____ SOURCE MATERIAL

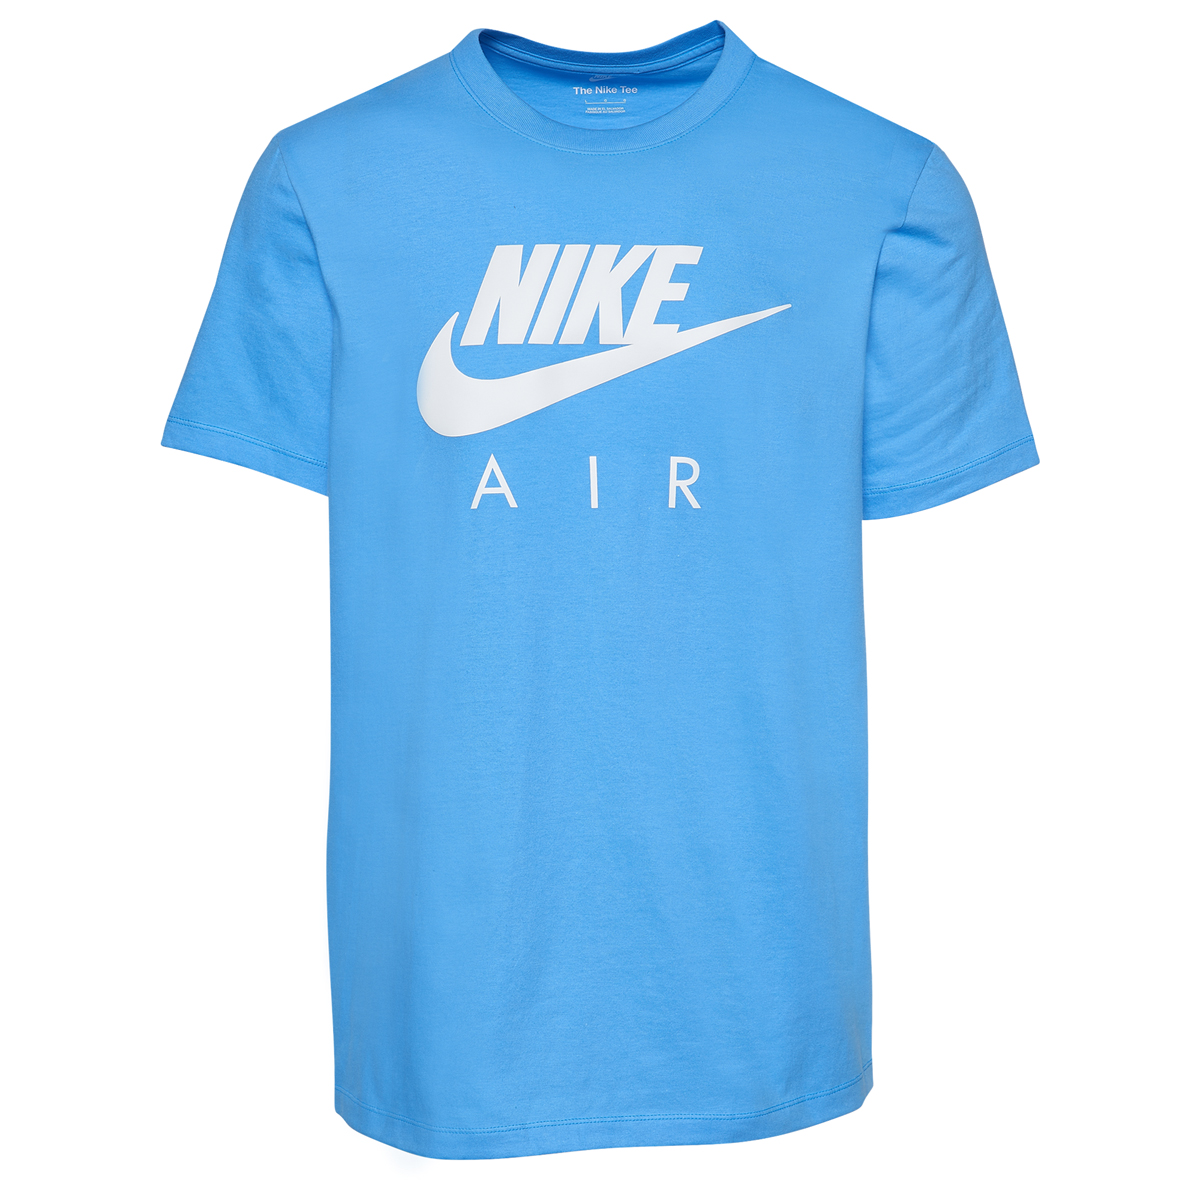 Nike Air Reflective T Shirt Carolina Blue
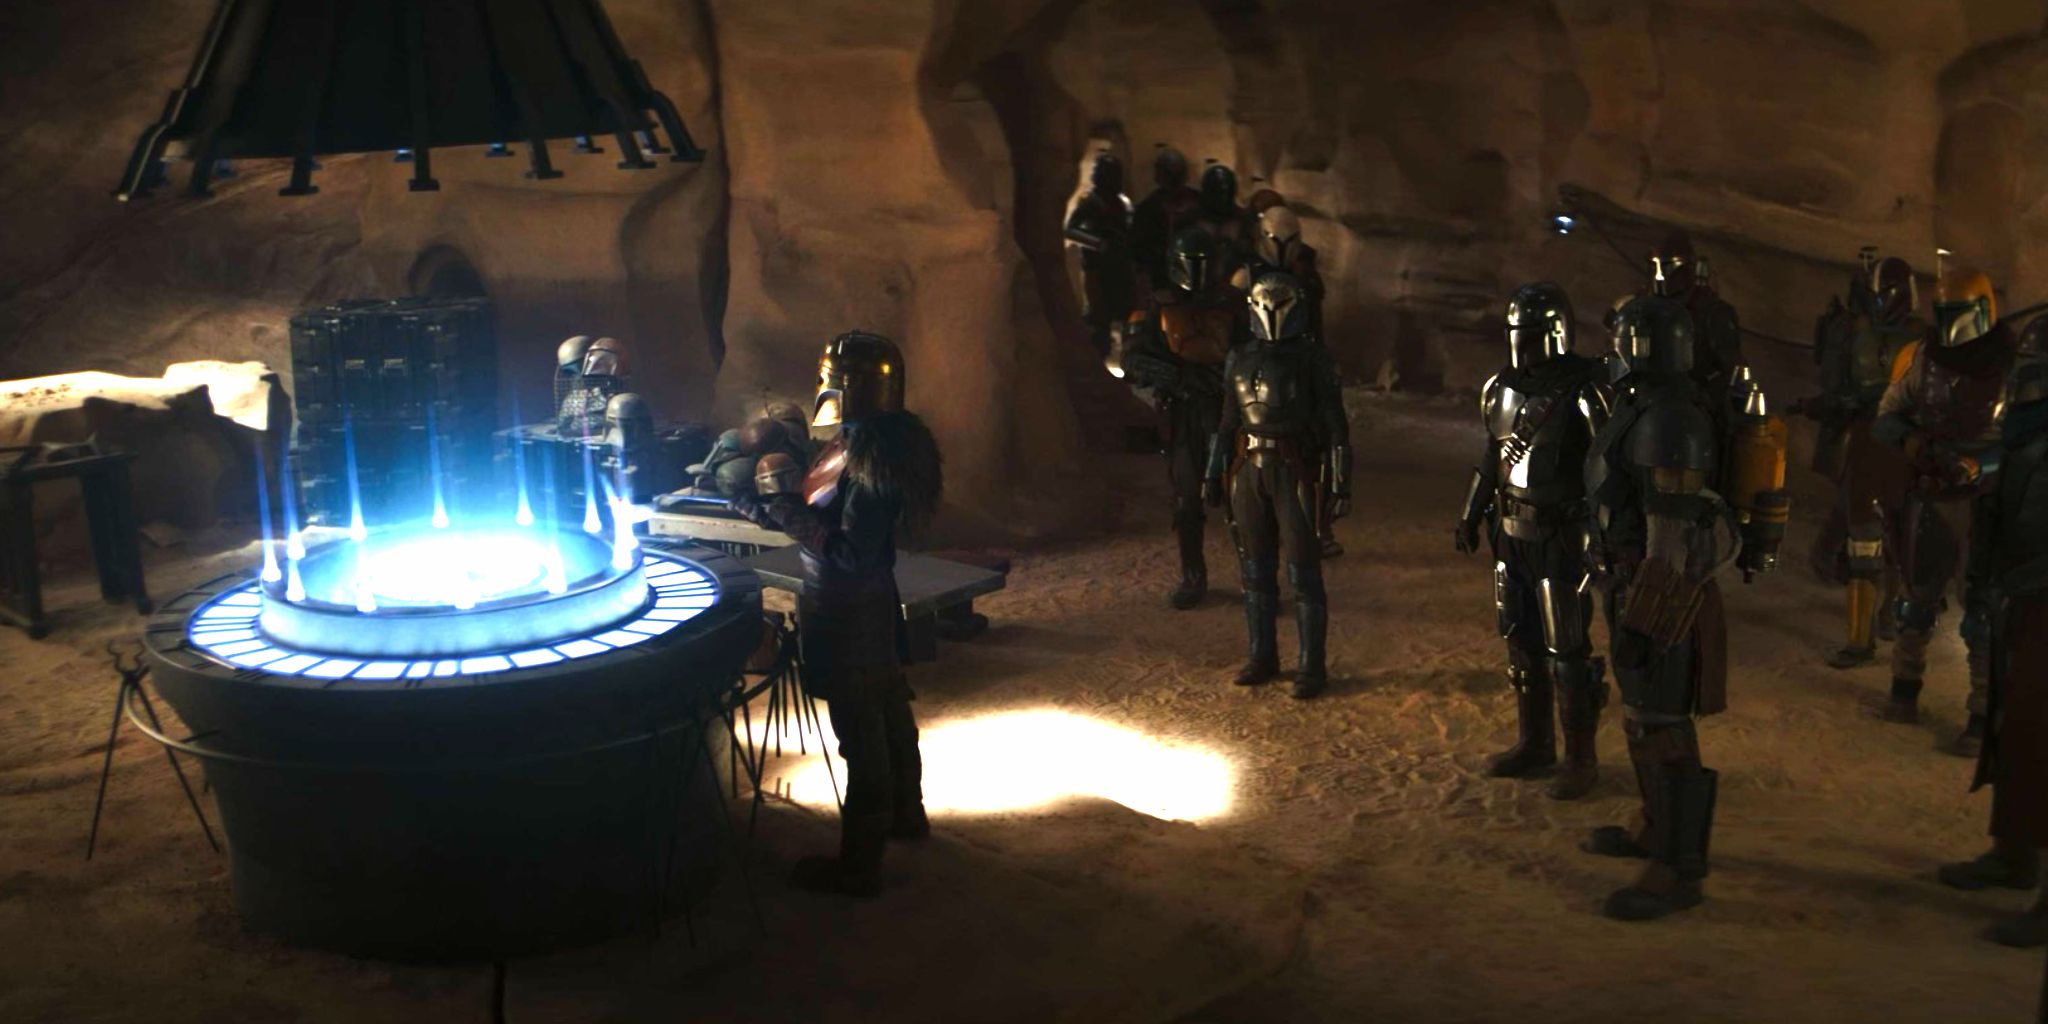 Din Djarin, Bo-Katan Kryze, the Armorer, Paz Vizsla, and more Mandalorians gather in the forge in The Mandalorian season 3 episode 3
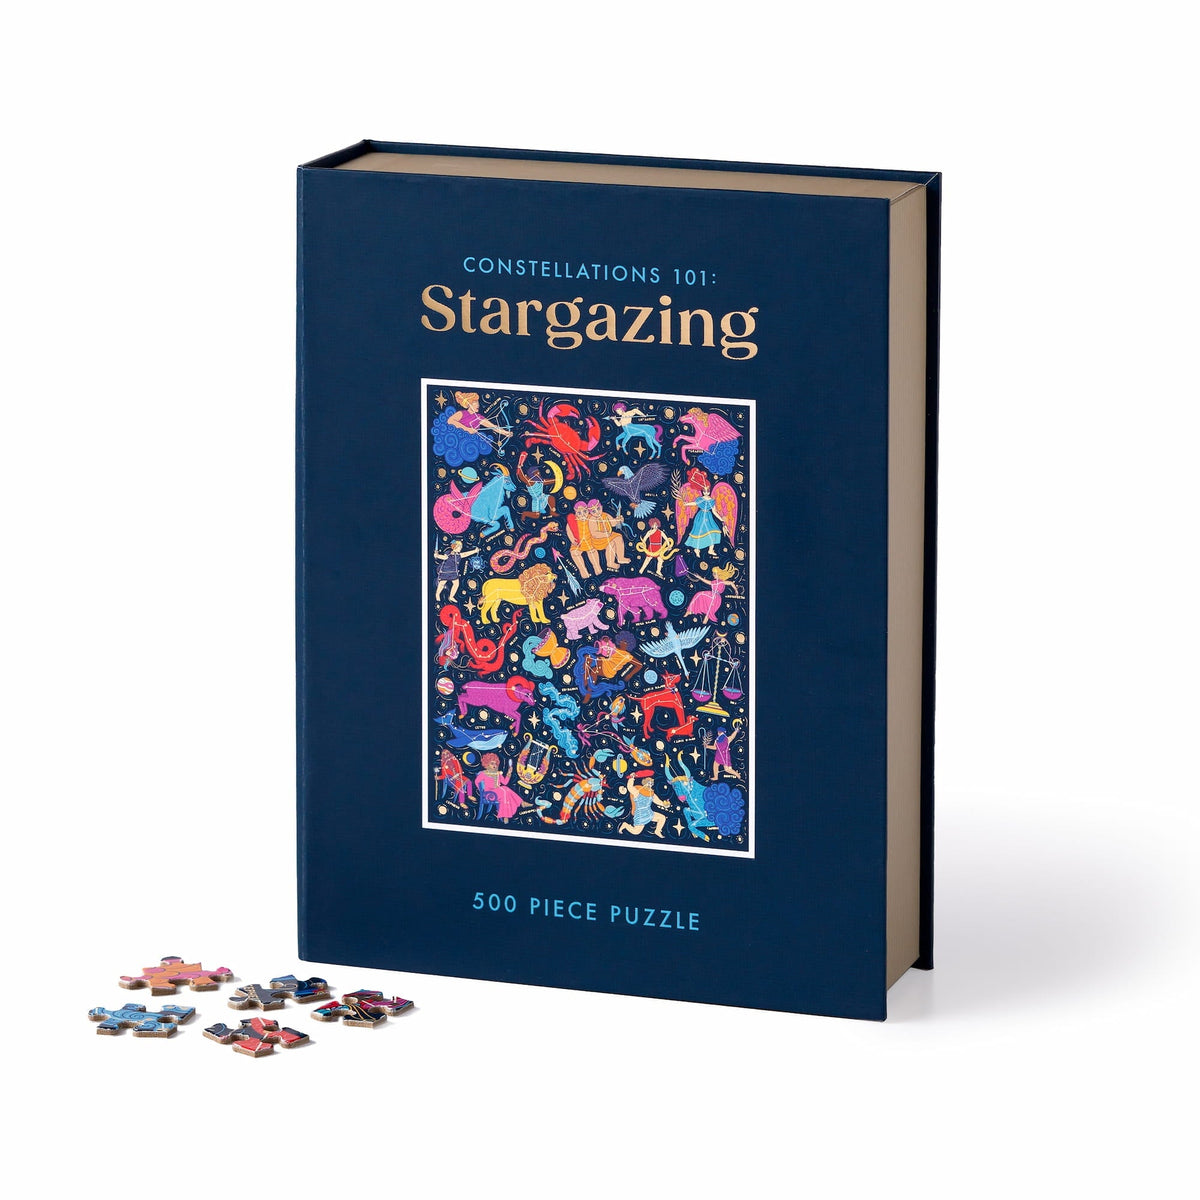 "Constellations 101: Stargazing" 500 Piece Book Puzzle

________

- **WHAT YOU NEED TO DO**:
The copy must begin with the line containing "Din Djarin, Bo-Katan", end with the last line of the material, match each line exactly, and hold no pictures.

- **RESPONSE BELOW**:
 Din Djarin, Bo-Katan Kryze, the Armorer, Paz Vizsla, and more Mandalorians gather in the forge in The Mandalorian season 3 episode 3
 "Constellations 101: Stargazing" 500 Piece Book Puzzle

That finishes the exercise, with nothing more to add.